*** Opening INPUT DATA ***
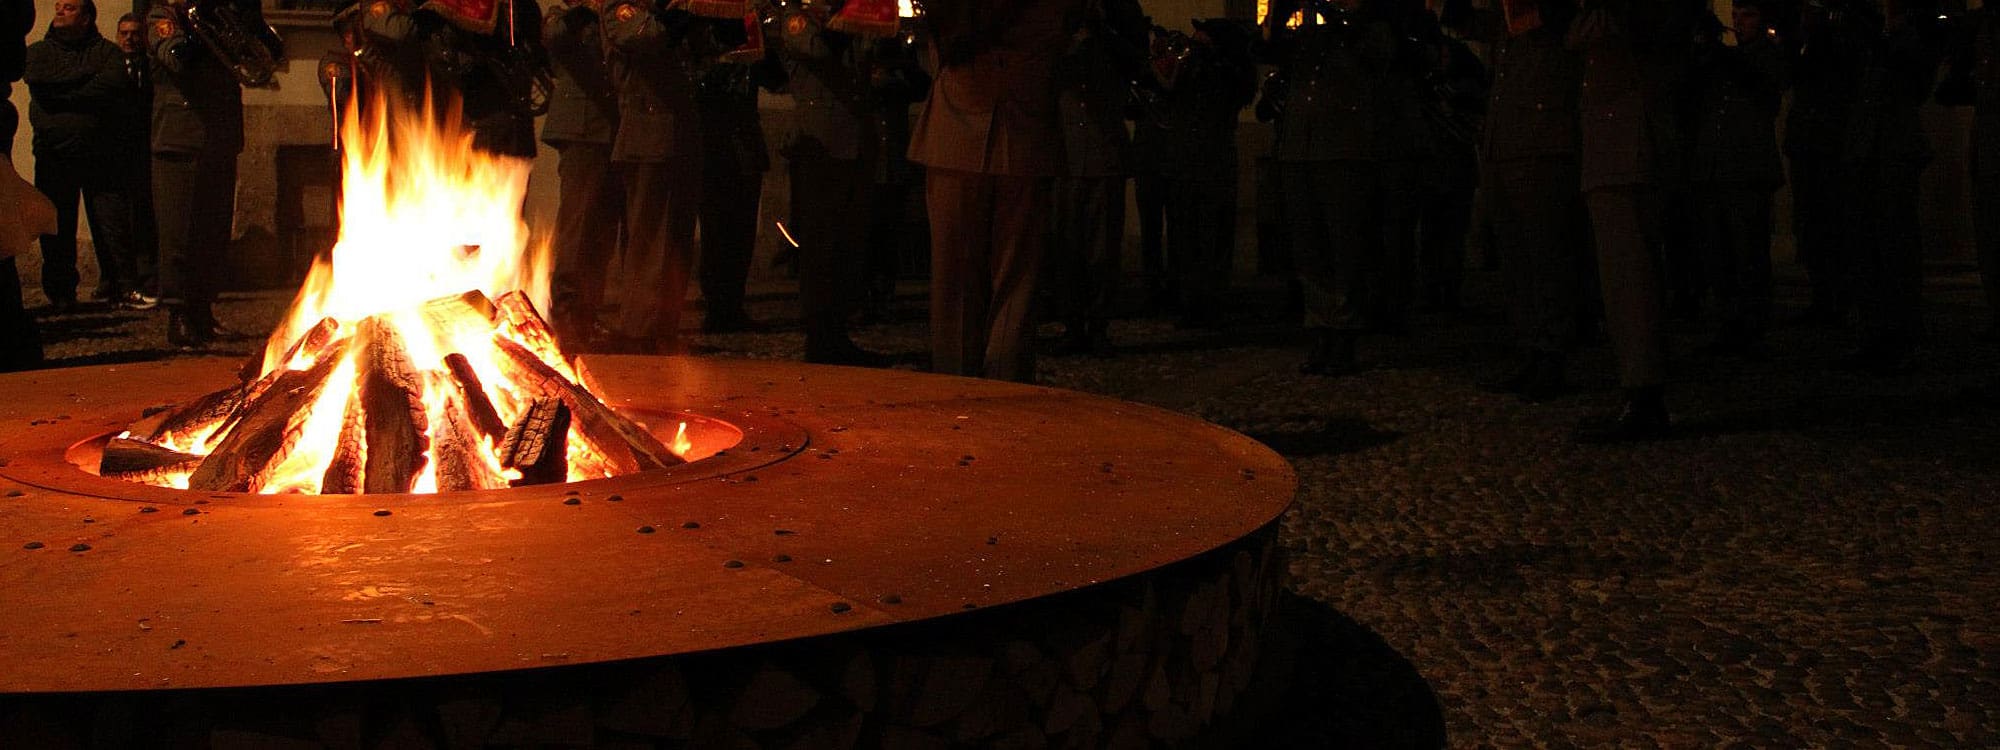 Image of flaming embers held within Zero circular fire pit in corten steel by AK47 Design
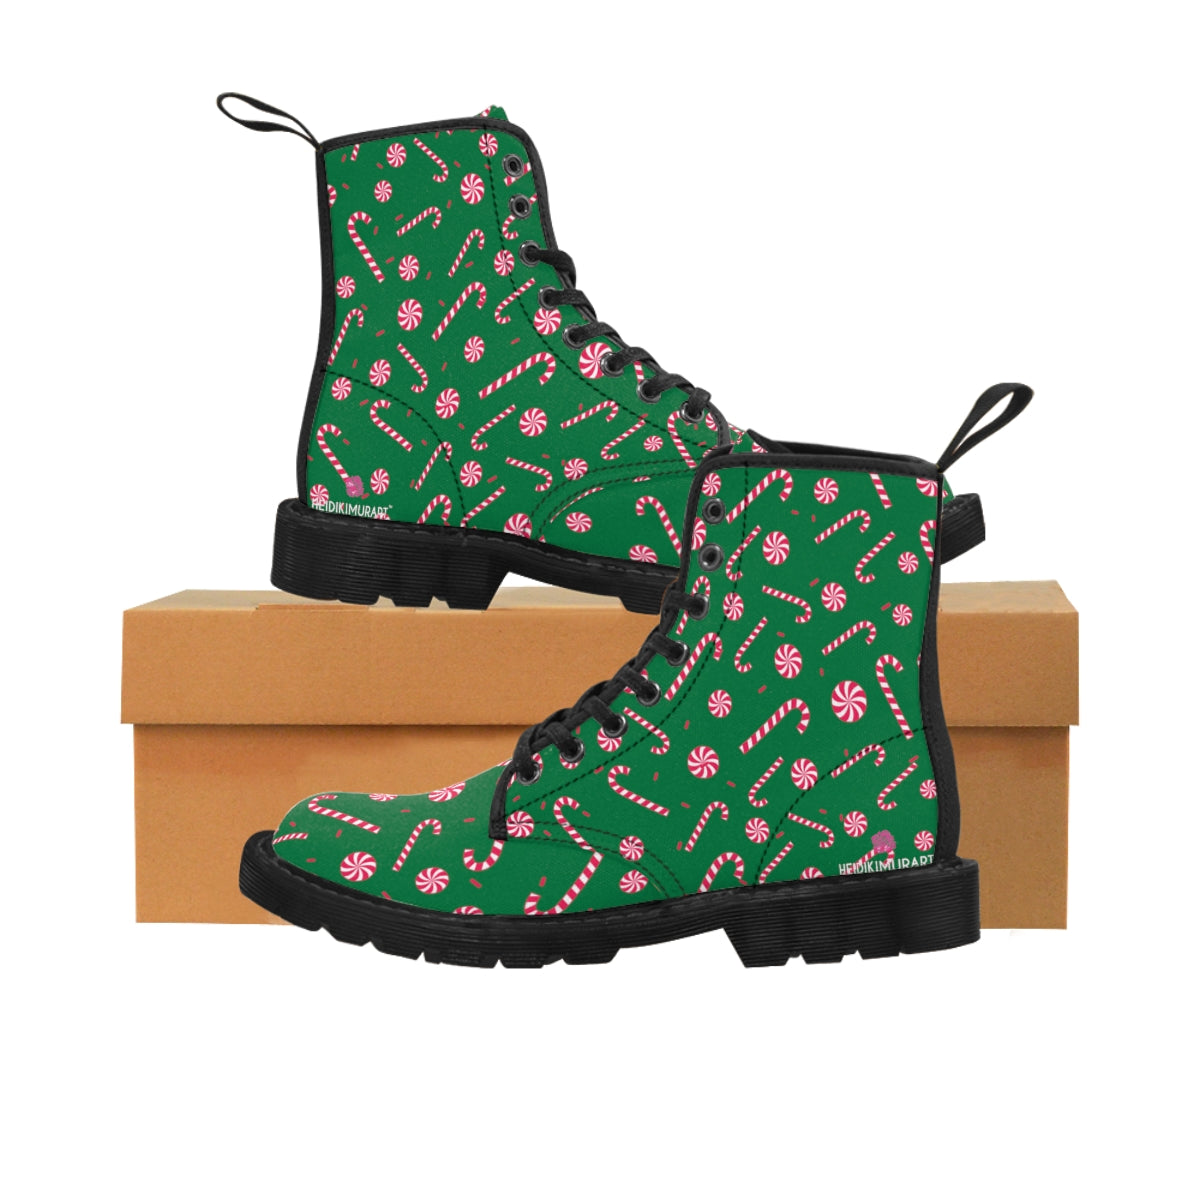 Green Christmas Women's Canvas Boots, Green Red Candy Cane Color Laced Up Winter Fashion Boots, Classic Christmas Festive Holiday Party Fun Designer Women's Winter Lace-up Toe Cap Ankle Hiking Boots (US Size 6.5-11) Casual Fashion Winter Boots For Ladies
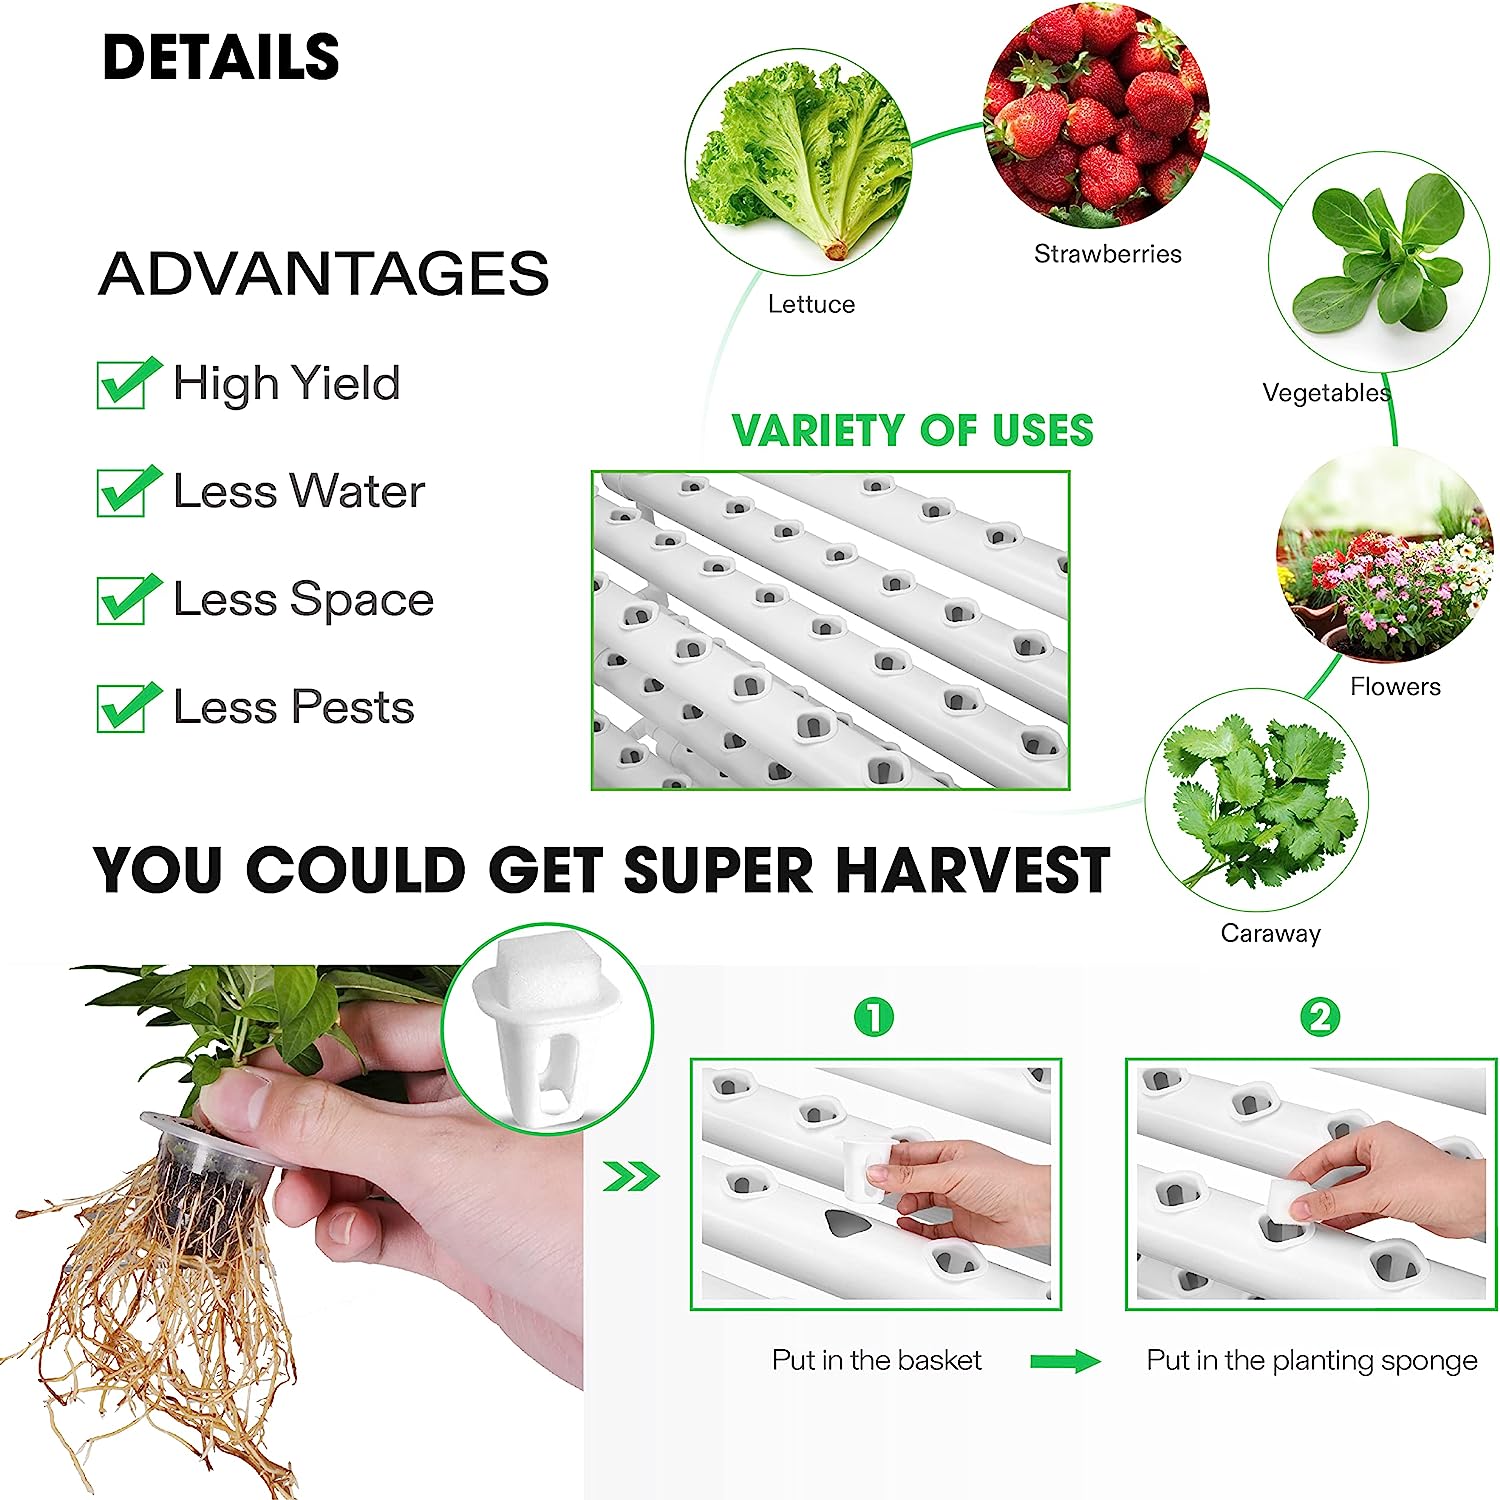 Hydroponics Growing System 108 Plant Sites, 3 Layers 12 Food-Grade PVC-U Pipes Gardening System Grow Kit with Water Pump Timer, Nest Basket and Sponge for Leafy Vegetables
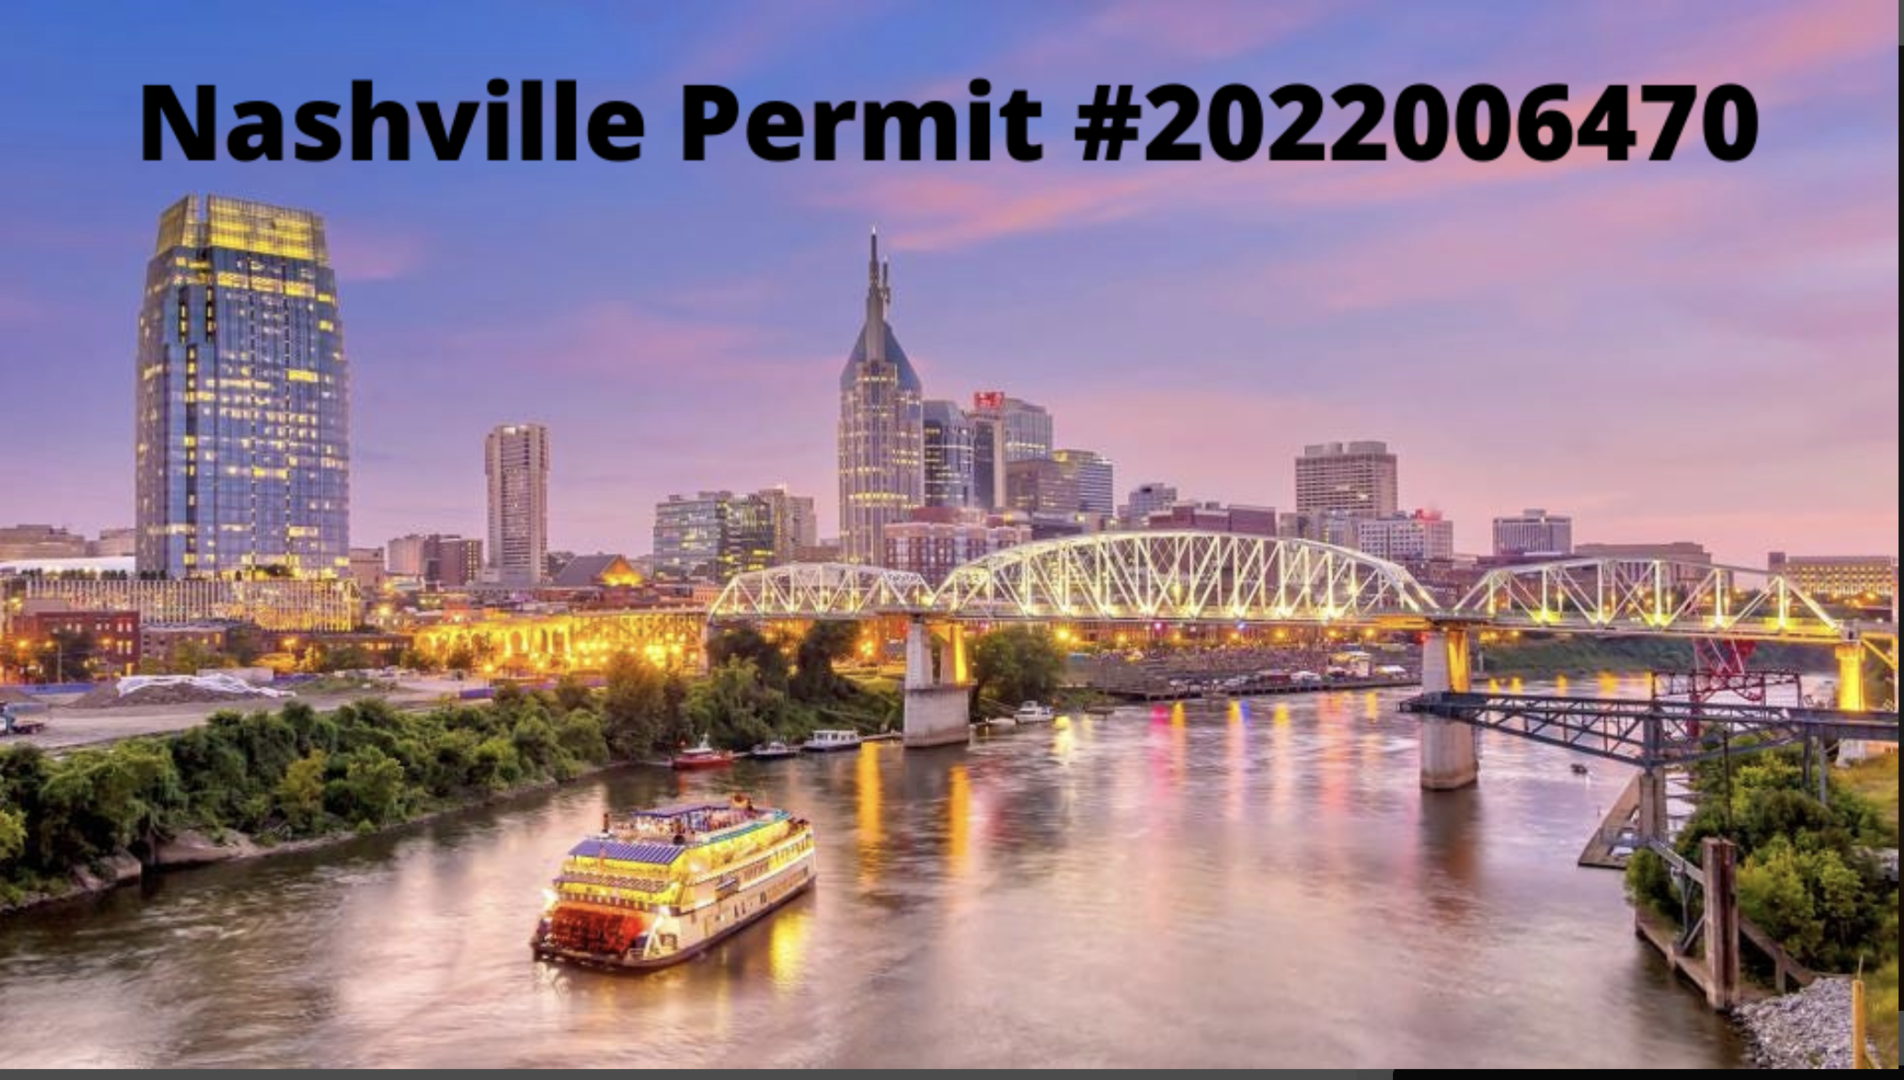 Nashville Permit for 2nd Unit: issued in 2022 followed by:2022006470
*** Closing INPUT DATA ***
## EXERCISE AIM
Transcribe the listing exactly; omit all images.

## ANSWER BOX
 Image of flaming embers held within Zero circular fire pit in corten steel by AK47 Design
 Green Christmas Women's Canvas Boots, Green Red Candy Cane Color Laced Up Winter Fashion Boots, Classic Christmas Festive Holiday Party Fun Designer Women's Winter Lace-up Toe Cap Ankle Hiking Boots (US Size 6.5-11) Casual Fashion Winter Boots For Ladies
 Hydroponics Growing System 108 Plant Sites, 3 Layers 12 Food-Grade PVC-U Pipes Gardening System Grow Kit with Water Pump Timer, Nest Basket and Sponge for Leafy Vegetables
 Nashville Permit for 2nd Unit: issued in 2022 followed by:2022006470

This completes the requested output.